王子様の溺愛【完】※番外編更新中
「それなら受け取るよ」


依人は苦笑いを浮かべながらそう応えると、縁は「よしっ」と両手で依人の手を握った。


触れた縁の手に、鼓動が過剰に跳ね上がった。


(中学生かよ……俺)


豊富とまでは行かないが、それなりに経験のある依人は縁に対する己の反応に呆れた。


(俺、佐藤さんに振り回されてるかも。だけど嫌じゃない)


握られたままの手を見つめながら考えていると、突然縁は素っ頓狂な声を上げた。


「……あ、あぁあっ、いきなり手を握ってごめんなさいっ!」


縁は自分のした行動に気付くと、頭を抱えながら狼狽えだした。


(佐藤さん、結構天然……?)


挙動不審な縁が面白くて、我慢出来ず噴き出してしまった。


「先輩!?」

「ごめん……佐藤さんの反応がツボったみたい……」


今縁の顔を見ると、余計に笑えてくる自信があったのでので机に突っ伏して落ち着くのを待ちながら堪える。


「先輩……わ、笑い過ぎですっ!」


顔が見えなくても、声音から狼狽えているのが手に取るように分かってしまい、また笑いが込み上げてくる。

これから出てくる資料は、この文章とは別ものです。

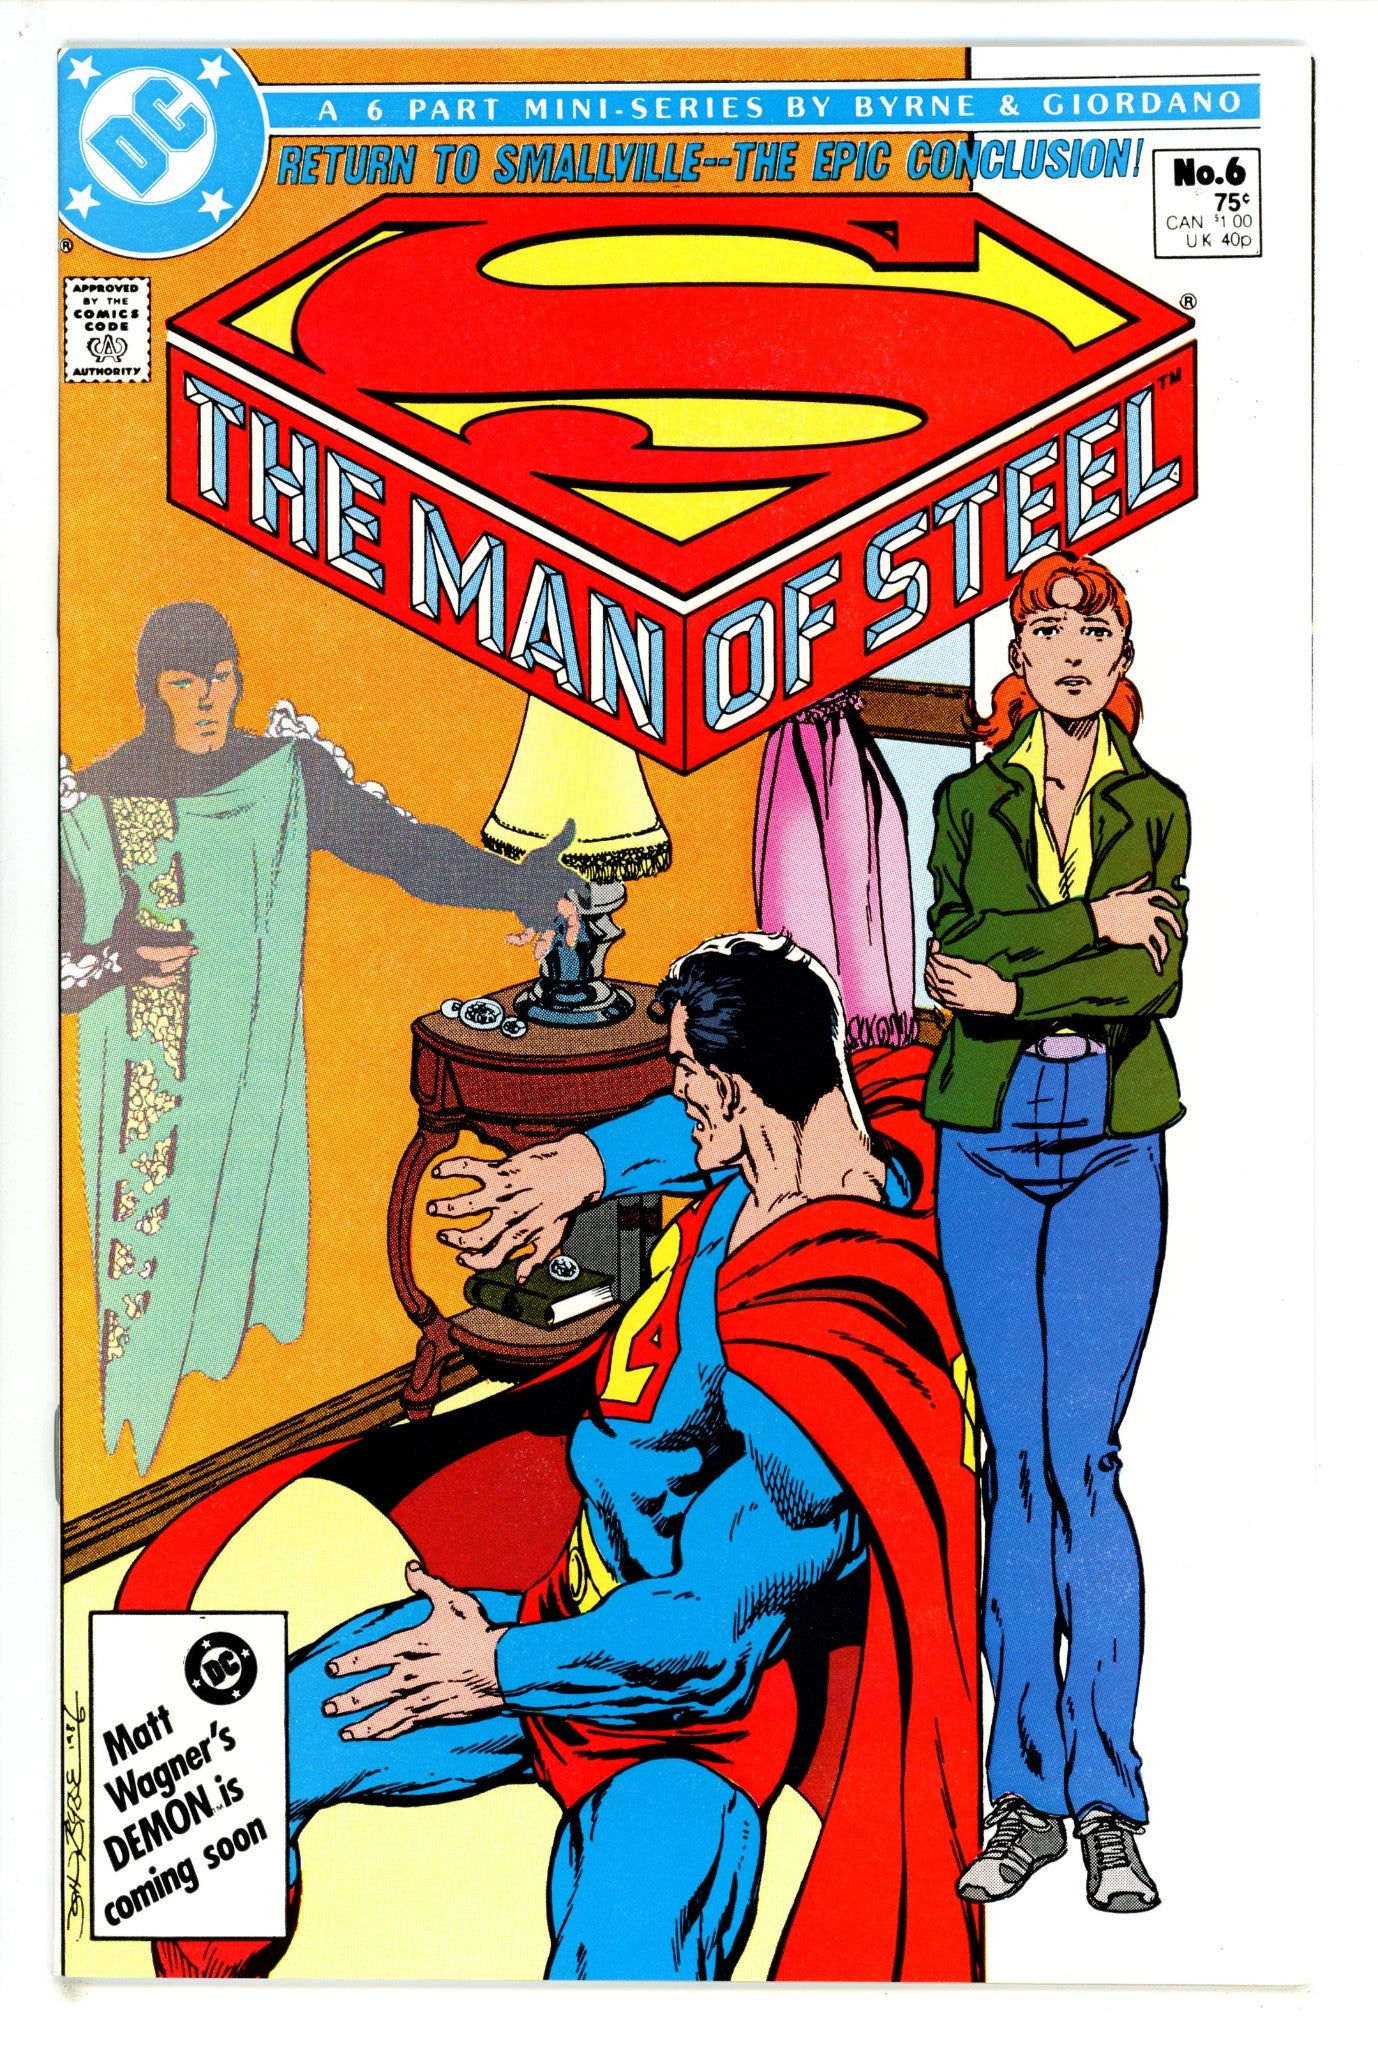 The Man of Steel Vol 1 6 (1986)

ようやく落ち着いてきたので顔を上げて、縁の顔を見ると、少し膨れっ面をさせていた。


「ごめんね」

「……キョドってておかしいって思ってますよね」

「おかしくはないよ。佐藤さんのそういうところ可愛いと思うよ」


決してその場しのぎではない。
大人しくてふわりとお人形さんのように愛らしく微笑む縁が、感情を露わにするところを見て、面白いの他に人間らしくて素敵だと思った。
だから、心に浮かんだことを要約して“可愛い”なんて口にした。


縁は依人に向けた目を見張ったまま硬直した。


「先輩って、誰にでもか、可愛いなんて言えるんですか?」


心外だった。
まさか軽い男だと思っているのだろうか……。
暇潰しだとか、欲求解消でするその場限りの付き合いは、する人間もされる人間も嫌悪を抱くくらいだ。


「まさか。本当は騒がれるのは好きじゃないんだよ」


縁に会うまでは、関わる女子は皆同じように見えた。
己の内面を深く知らないはずなのに、熱に浮かされたように自分を囲む女子の心理が理解出来なかった。


そう思ってしまったのは、何より自分が一切興味を示さなかったからだろうと依人は思う。


しかし、縁だけは違った。
もっと知りたい、色んな顔を傍で見ていたいと願わずにはいられないのだ。